Reading, Translating, Rewriting: Angela Carter's Translational Poetics

Details

Serval ID
serval:BIB_9B4F9F3126B7
Type
Book:A book with an explicit publisher.
Collection
Publications
Institution
Title
Reading, Translating, Rewriting: Angela Carter's Translational Poetics
Author(s)
Hennard Dutheil de la Rochère M.
Publisher
Wayne State University Press
Address of publication
Detroit
ISBN
9780814336342
Publication state
Published
Issued date
11/2013
Series
Series in Fairy-Tale Studies
Language
english
Number of pages
384
Abstract
In "Reading, Translating, Rewriting: Angela Carter's Translational Poetics", author Martine Hennard Dutheil de la Rochère delves into Carter's The Fairy Tales of Charles Perrault (1977) to illustrate that this translation project had a significant impact on Carter's own writing practice. Hennard combines close analyses of both texts with an attention to Carter's active role in the translation and composition process to explore this previously unstudied aspect of Carter's work.

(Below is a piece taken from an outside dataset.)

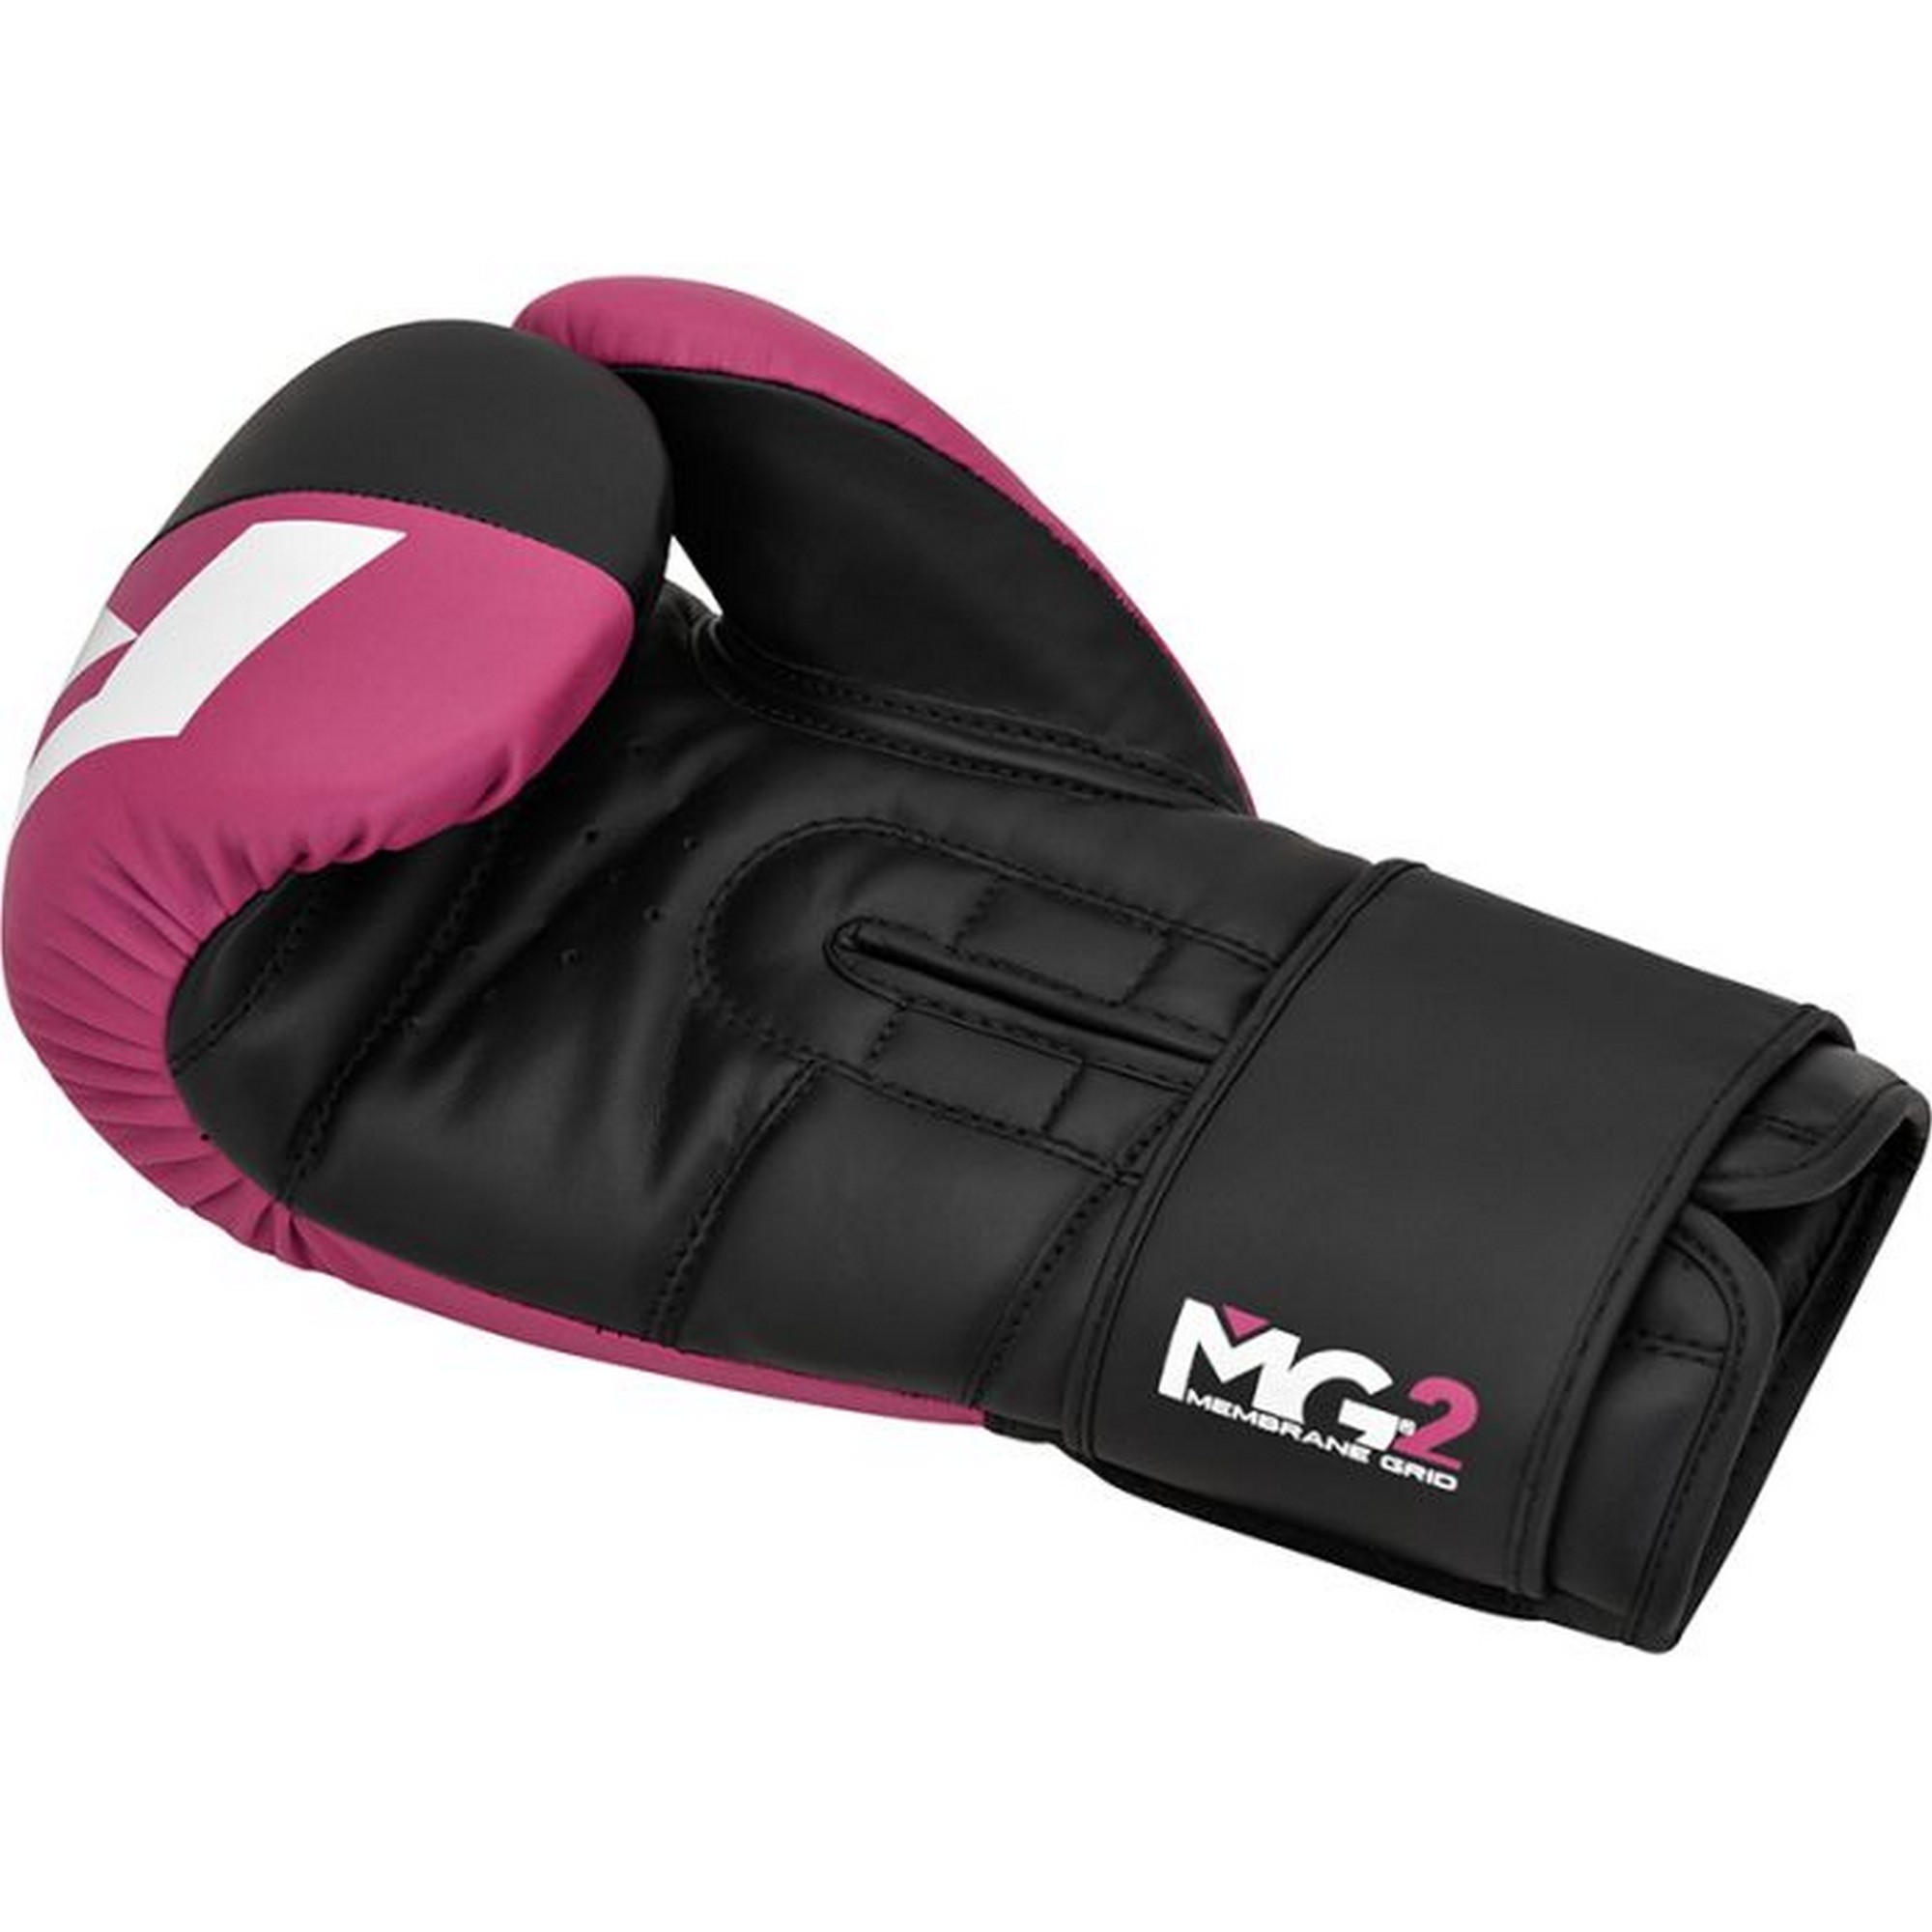 Перчатки тренировочные RDX BGR-F4P-10oz розовый\черный 2000_2000

She further uncovers the role of female fairy-tale writers and folktales associated with the Grimms' Kinder- und Hausmärchen in the rewriting process, unlocking new doors to The Bloody Chamber.
Hennard begins by considering the editorial evolution of The Fairy Tales of Charles Perrault from 1977 to the present day, as Perrault's tales have been rediscovered and repurposed. In the chapters that follow, she examines specific linkages between Carter's Perrault translation and The Bloody Chamber, including targeted analysis of the stories of Red Riding Hood, Bluebeard, Puss-in-Boots, Beauty and the Beast, Sleeping Beauty, and Cinderella. Hennard demonstrates how, even before The Bloody Chamber, Carter intervened in the fairy-tale debate of the late 1970s by reclaiming Perrault for feminist readers when she discovered that the morals of his worldly tales lent themselves to her own materialist and feminist goals. Hennard argues that The Bloody Chamber can therefore be seen as the continuation of and counterpoint to The Fairy Tales of Charles Perrault, as it explores the potential of the familiar stories for alternative retellings.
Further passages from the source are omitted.